Tuesday, November 2, 2004

Outsourcing healthcare and other American problems

From The Statesman

3 November, 2004





Outsourcing healthcare and other American problems




ND Batra


A few days ago I shocked one of my colleagues when I showed him a Washington Post story how a 53-year old man Howard Staab, suffering from a life-threatening heart problem, could not afford $200,000 for heart surgery and instead went to New Delhi’s Escort Heart Institute and Research Centre. At a meagre cost of $10,000 which also included round-trip fare, a visit to Taj Mahal and great food, Staab had his defective heart valve replaced by Escort surgeons.



Staab is one of the 150,000 foreigners who visited India last year for medical problems. Of course the uppity-nose correspondent John Lancaster of the Post could not resist his condescending remark: “Staab is one of a growing number of people known as medical tourists who are travelling to India in search of First World healthcare at a Third World prices.”Apollo Hospital’s founder Prathap Reddy was quoted saying: “If we do this, we can heal the world.” My colleague’s reaction was: Who would heal India, Mr Reddy? India might have to be satisfied with trickle-down benefits from the medical tourist industry that is projected to grow to $2.2 billion by 2012. But that is beside the point. Skyrocketing healthcare costs are making Americans desperate. State governors in defiance of the federal government are reaching out to foreign countries for cheaper prescription drugs.



If US healthcare providers and the insurance industry want to reduce healthcare costs, they might offer the American patient a choice: Go to India for surgery or pay up the bill, which might be ten times higher in the USA, and swallow up a the retirement nest egg. That presents a policy dilemma. If universal healthcare is the goal, how do you make it affordable? How much of it could be outsourced to countries like India and how much should be handled by the US healthcare industry? This year the flu vaccine shortage has made authorities think about the need for setting healthcare priorities. Should the limited healthcare opportunities be given to those who can afford it or those with the most need?



Until last year, most employers in the United States of America offered their employees free flu shots before the onset of the flu season. They did so in their own enlightened self-interest. It is more economical to keep workers healthy than let them fend themselves in the flu season and the work be disrupted due to sickness.For rest of the community, family health clinics offered flu shots at affordable rates. Since each year there are new strains of the flu virus, the vaccine has to be tailor-made, as it were. There used to be enough for everyone who wanted it. But no one ever thought what might happen if the production of flu vaccine was disrupted due to some catastrophe or even sabotage. Flu vaccine never entered into the calculus of the Homeland Security colour alert system.

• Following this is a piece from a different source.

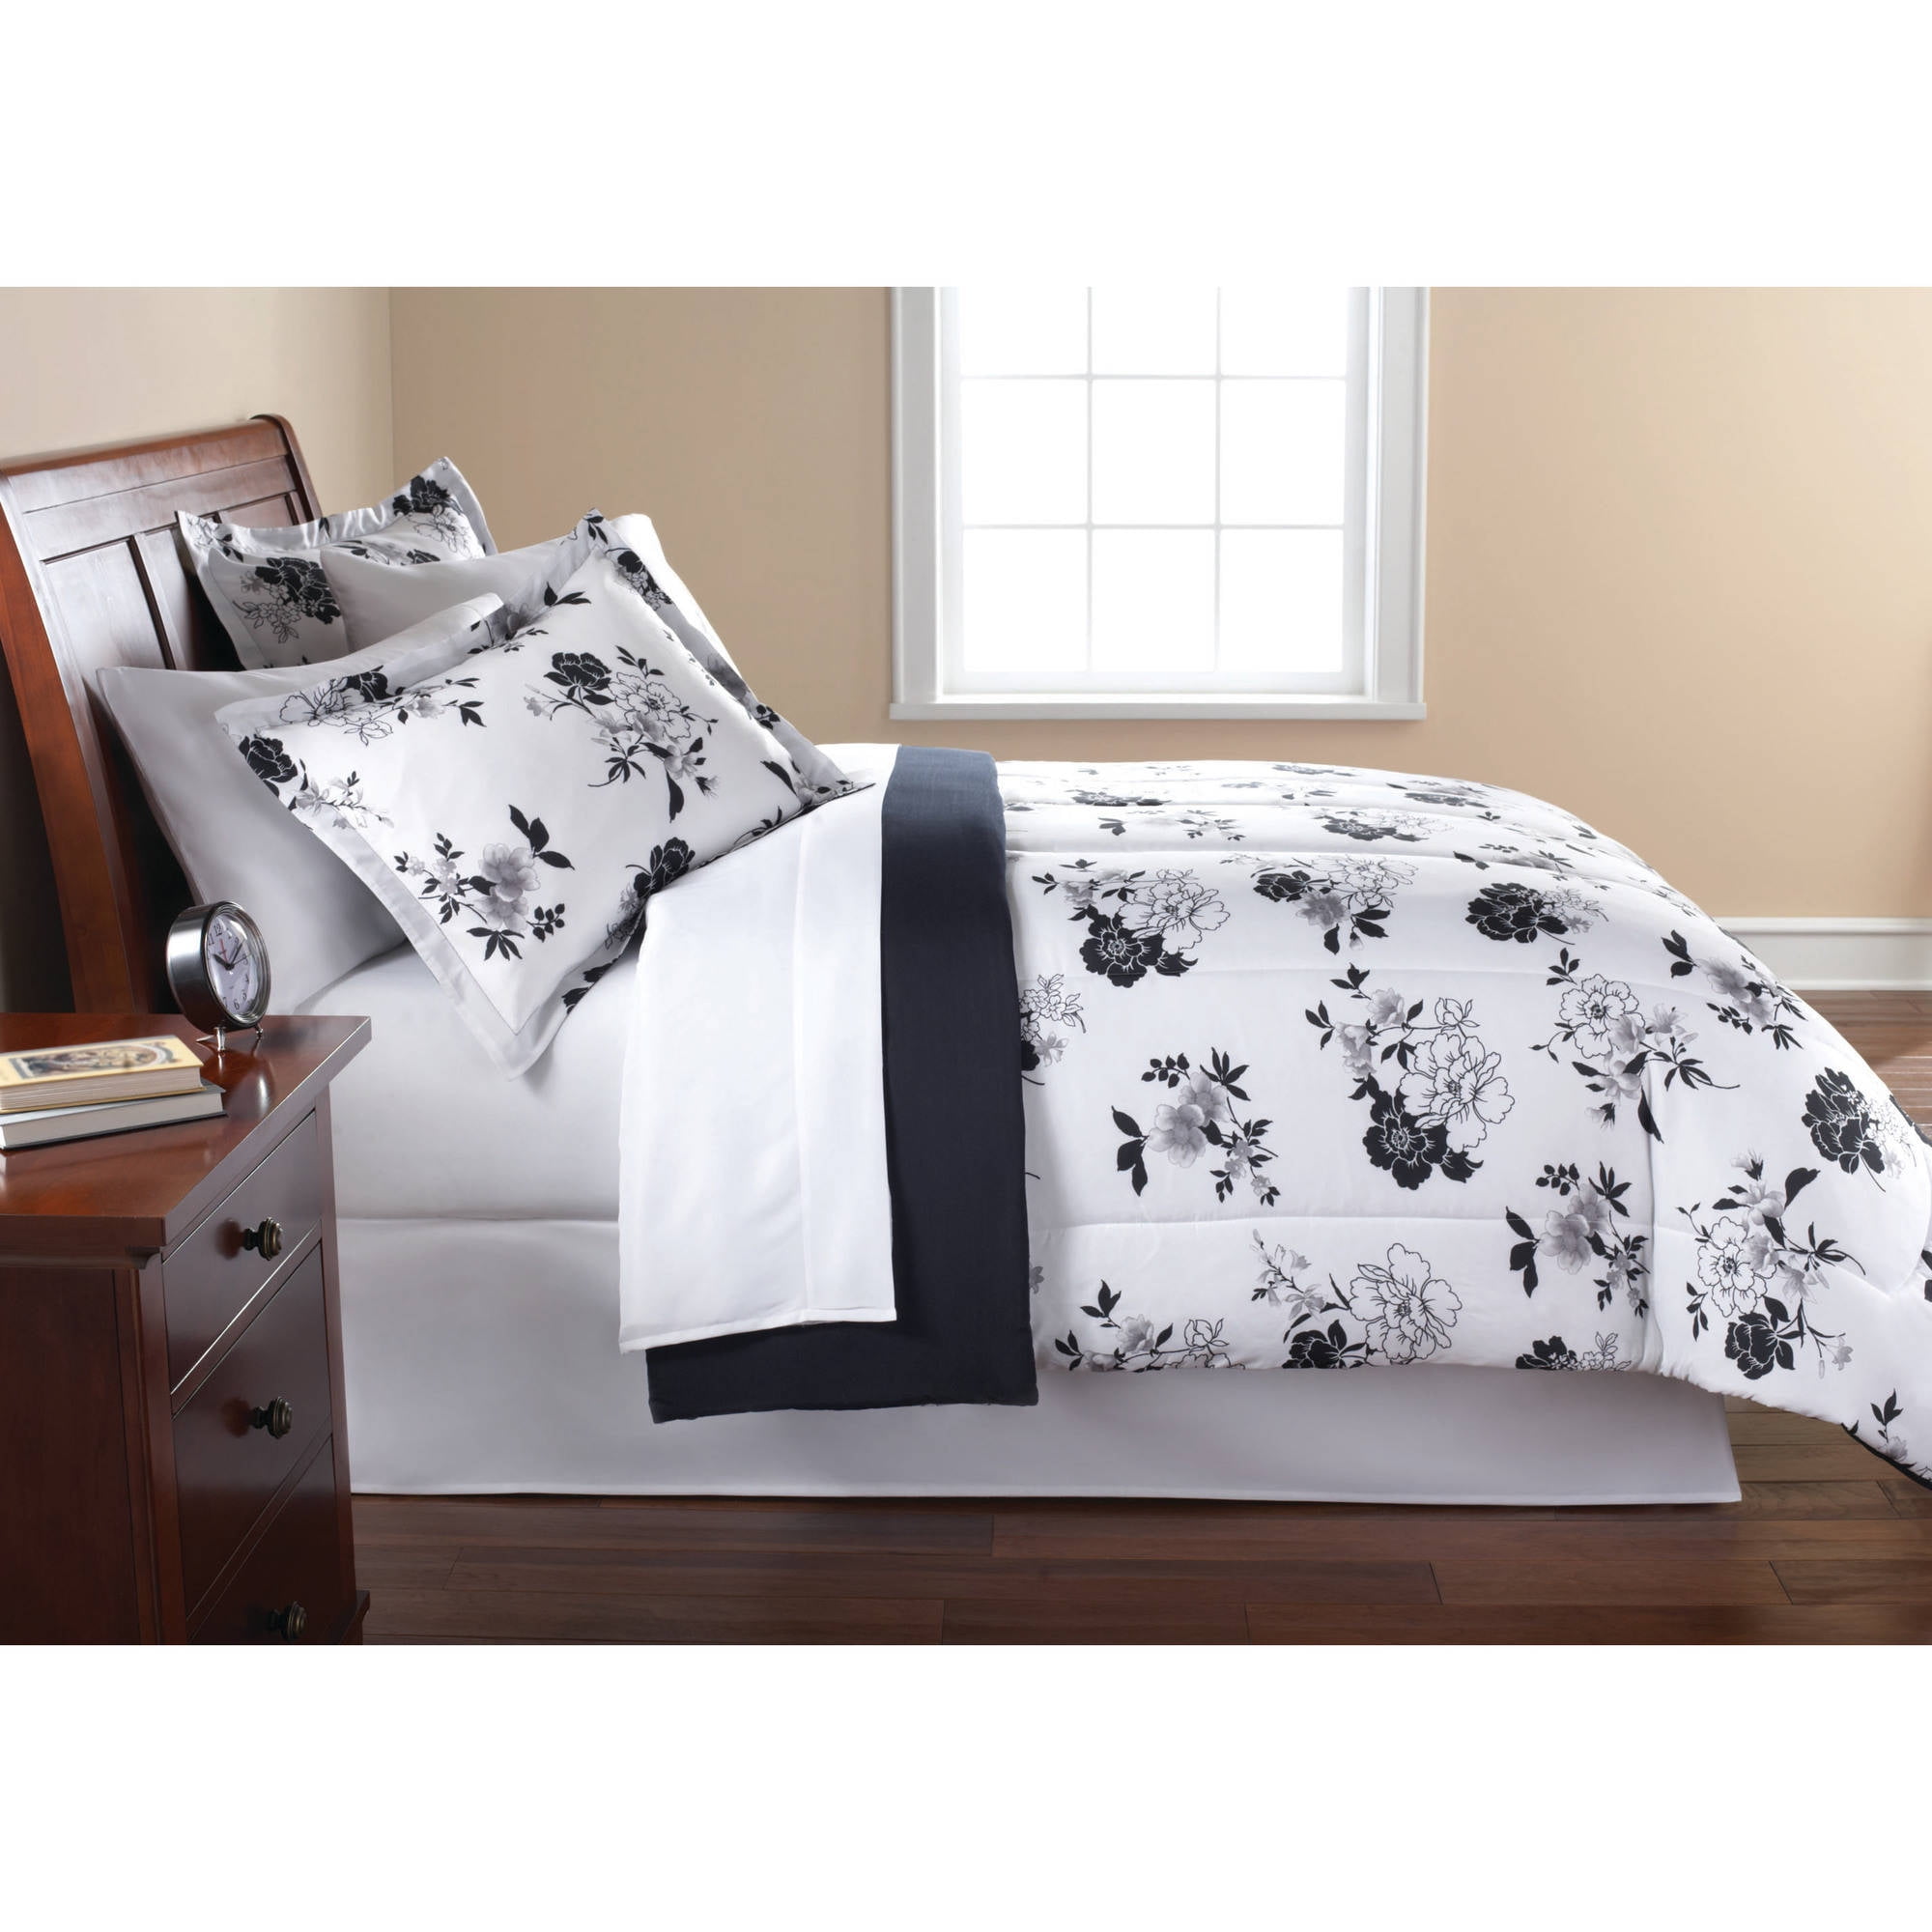 Mainstays Black White Floral Bed In A Bag Comforter Set 1 Each
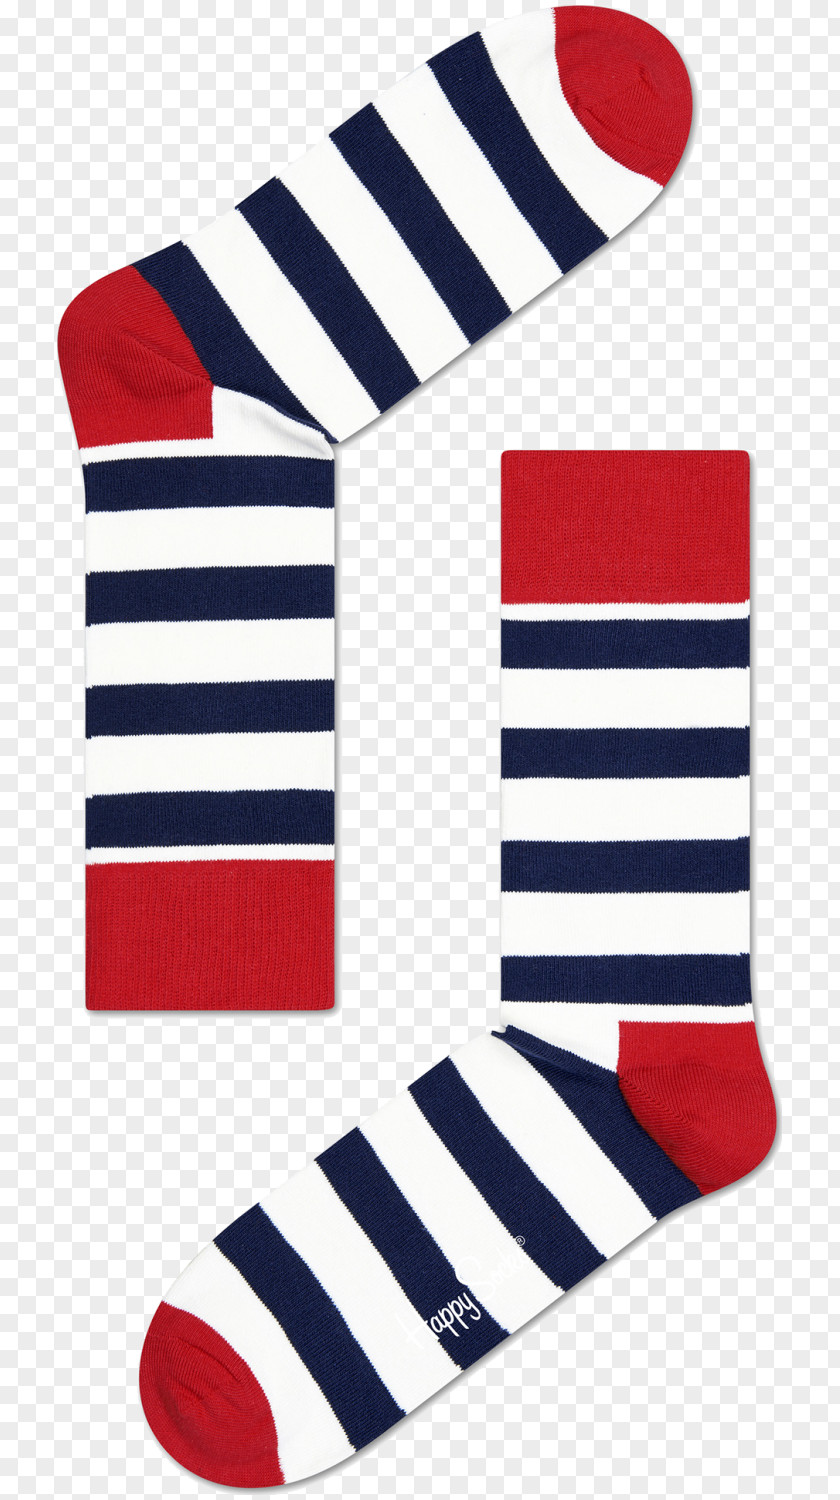 Striped Stockings Sock Shoe Size Clothing Fashion PNG

Not long ago only most vulnerable people, children, senior citizens, and nursing home residents were advised to go for a flu shot. But since newer flu strains came to be associated with sources of foreign origin — China, Hong Kong, Thailand — most people thought what is good for older people must be good for younger people too. It is just like Viagra, which was initially meant for people with erectile dysfunction but later on even normal healthy people began to use it, thanks to the aggressive advertising push by the pharmaceutical company, Pfizer, and later on sby other manufacturers (Ciala, Levitra). Need was created. Market expanded.



Although widespread fear has made flu shot a universal choice, the market does not drive its demand and supply, unlike that of Viagra. In fact liability claims and low profits might have discouraged its production. Nonetheless, the supply managed to keep pace with the demand. But this year, one of the major vaccine manufacturers, Chiron, expected to provide 48 million doses against a total US demand of 100 million, had its licences suspended due to the problem of bacterial contamination in its plant in Liverpool, England.Most of the people, according to a survey reported by USA Today blamed drug companies and federal health officials. It has not become a serious political issue in the presidential campaign, though one Bush advertisement blamed trial lawyers associated with his Democratic opponent Kerry’s running mate, John Edwards.



But the shortage has created a national scare and an ethical dilemma for the medical profession. Although all healthy people have been excluded from receiving flu shots this year, how do you prioritise the limited supply among the vulnerable population? How do you decide who is the most vulnerable when in some cases a person needs more than one shot to get full protection. One after the other, healthcare facilities have struggled with the ethical dilemma and issued public statements limiting shots to high risk categories; for example, people suffering from asthma, diabetes, immune deficiency, children less than two-years-old and pregnant women, but not necessarily in that order.



The question is: If healthcare is everyone’s basic right, how do you ration it? The next President of the USA might find that outsourcing healthcare and buying cheaper drugs abroad may be the best solution. Another door might open for India.